I recently had a conversation with a bunch of members about having the right person or the right solution in place, and when the contract runs out, the government will go back and RFP it again. In certain circumstances there's an opportunity to roll over and add another two years. When we move to things like software as a service, do you want the contract to sunset and then go back out to tender with a new RFP if that software and everything is functioning properly? Can we not just roll that in, roll it over, and go for another two years using that solution? If everybody's satisfied with that, it's the best possible outcome. Why can't we do that rather than having to go back out for a full RFP again?
What ends up happening nine times out of 10—but it's probably closer to 99 times out of 100—is that if I have hired an IT consultant and he's doing a great job but I have to go back out to tender on an RFP, I'm wasting my time, the government's time, and the industry's time, because I will make sure that the only possible winner for this RFP process is this guy. I will make the experience requirements so drawn out and based on his experience that I'll make it prescriptive and only he can win, and when the rest of the industry looks at it, they wonder who could possibly satisfy these requirements.
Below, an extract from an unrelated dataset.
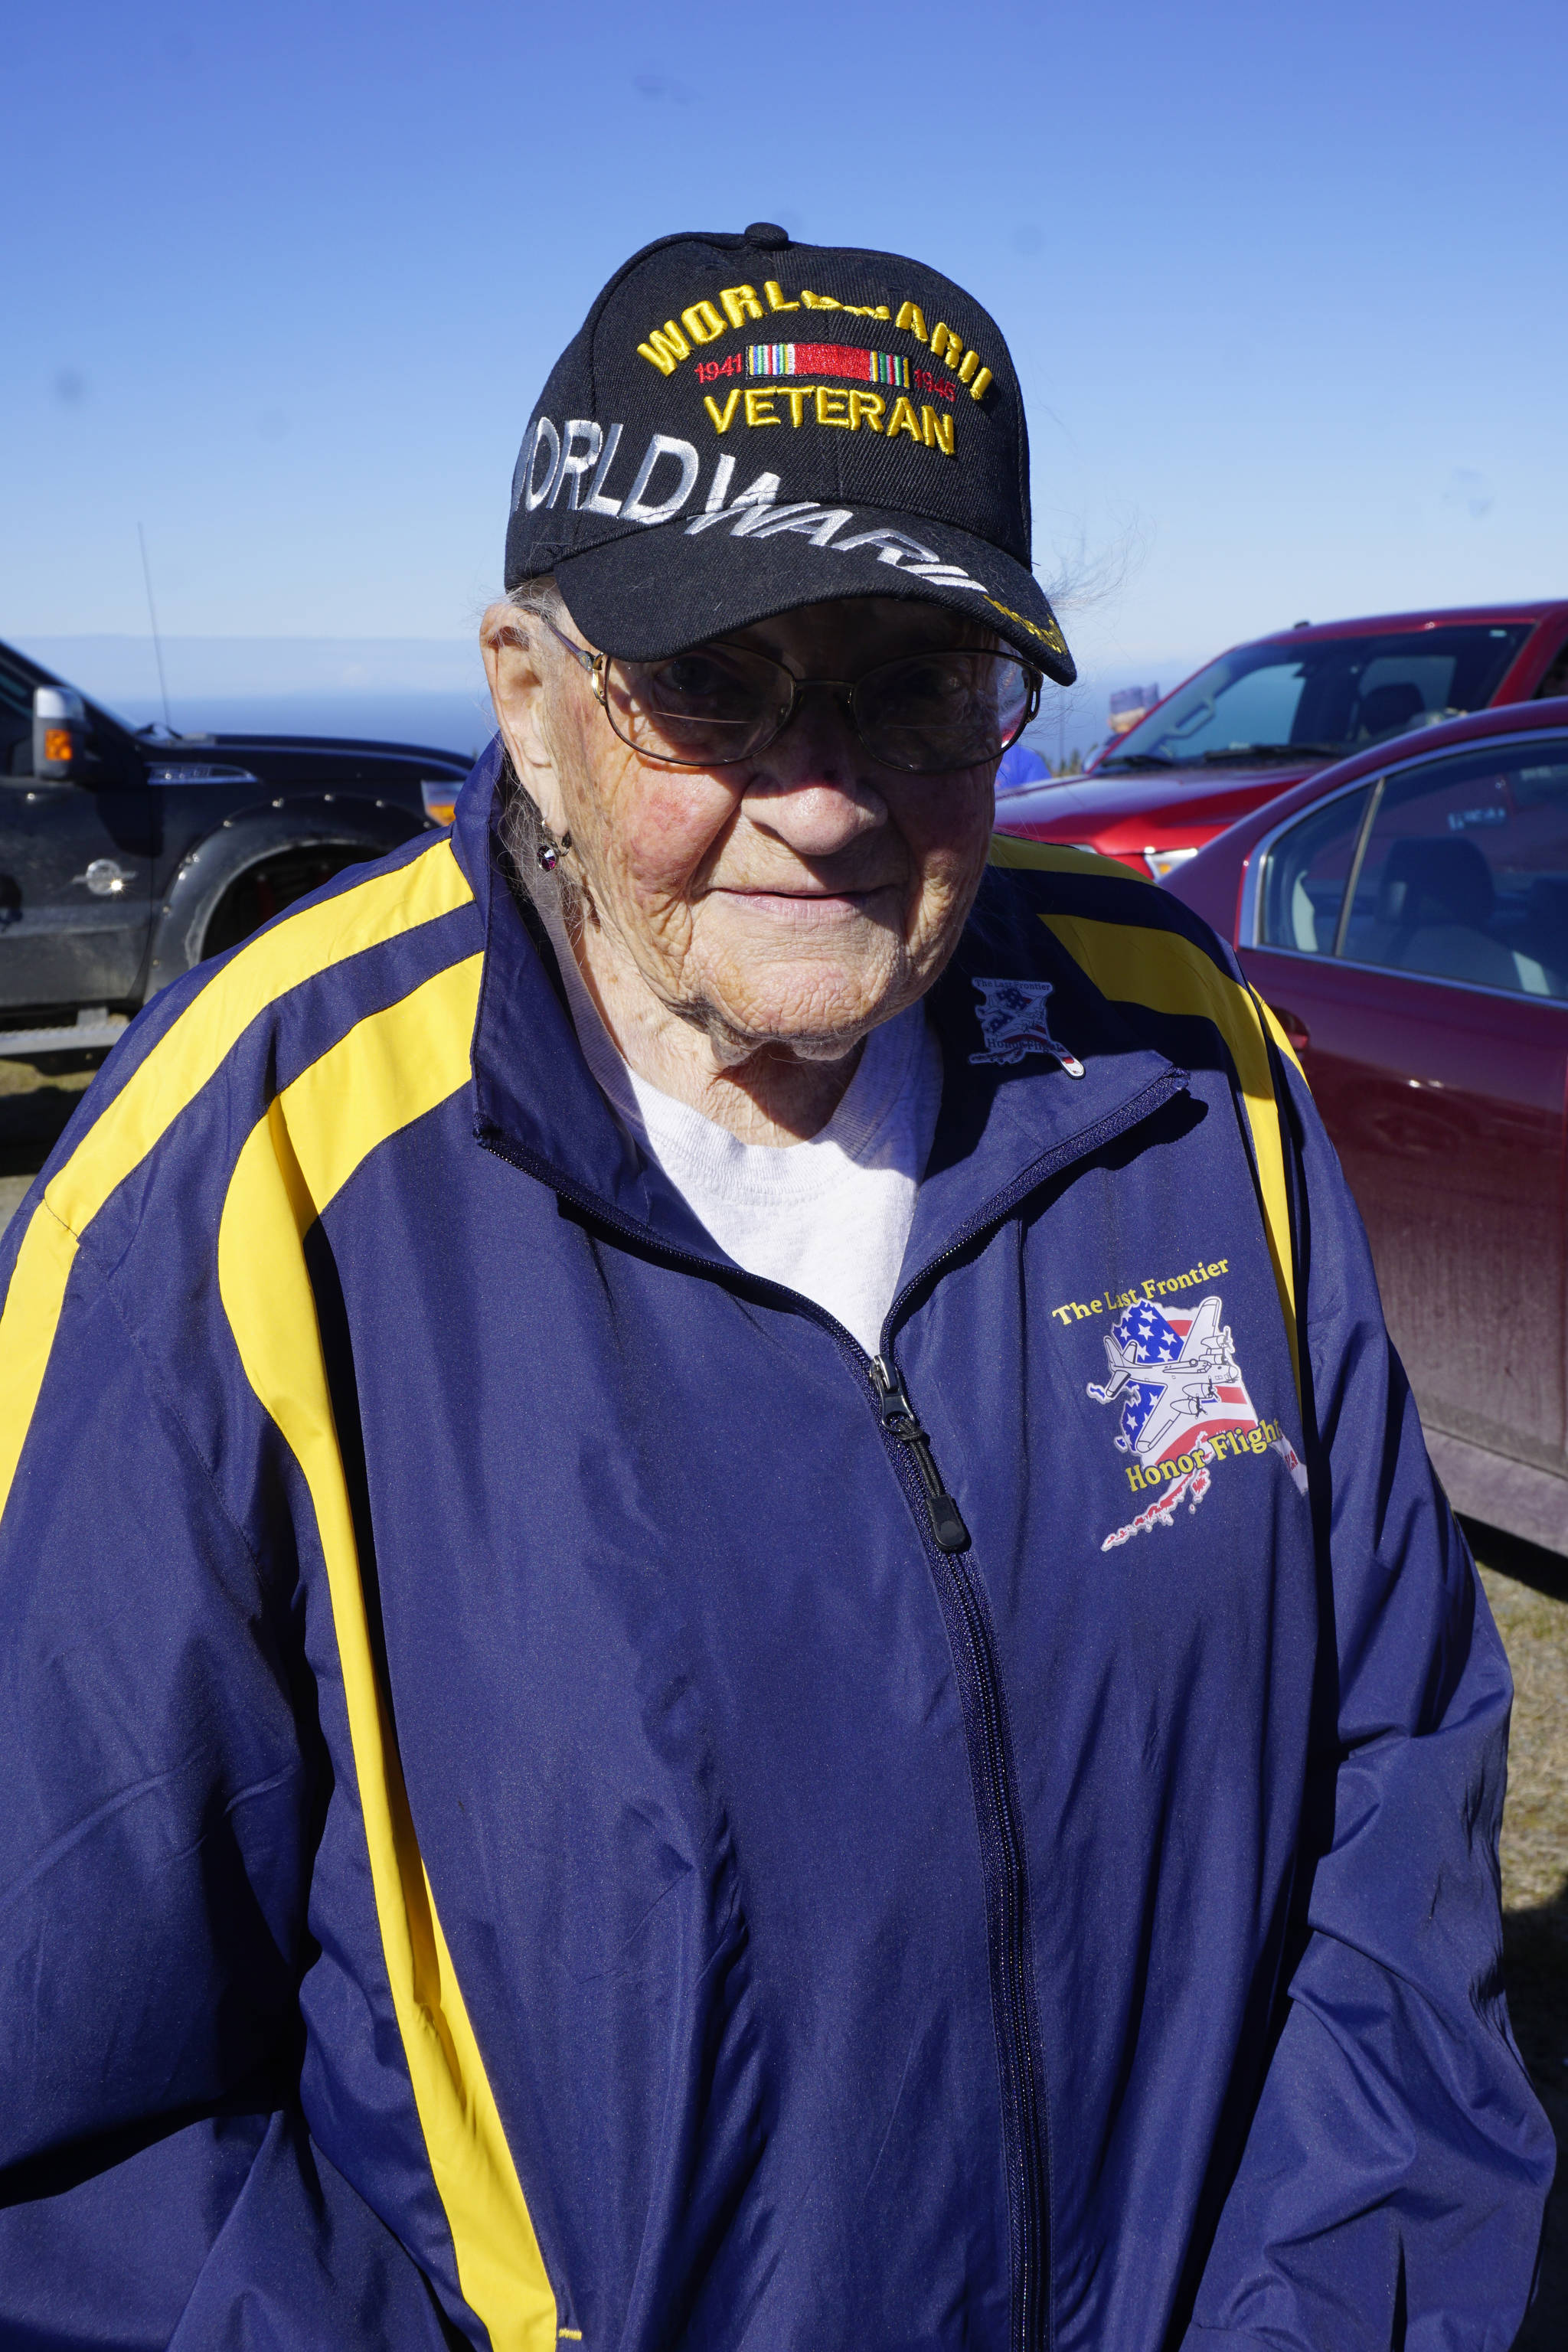 Dottie Holten attends Memorial Da ceremonies on May 28, 2018, at Hickerson Memorial Cemetery, Homer. Holten, 95, was in the U.S. Coast Guard. (Photo by Michael Armstrong / Homer News)

There's a balance between rolling over.... Once I do a pilot, wouldn't it be great if we could just roll right into a contract? The pilot went great and we'd like to apply this over here, but we have to go back out for a full RFP again.
There is the opportunity to be able to do it. We do a $50,000 pilot, and if the pilot goes really well, we can open that up to a $100,000 contract. You can run on that. There's an opportunity to do it. There'll be resistance to it—legal, procurement, the rule books, the policies, the regulations—but we're starting to find out that not all those rules are written in stone.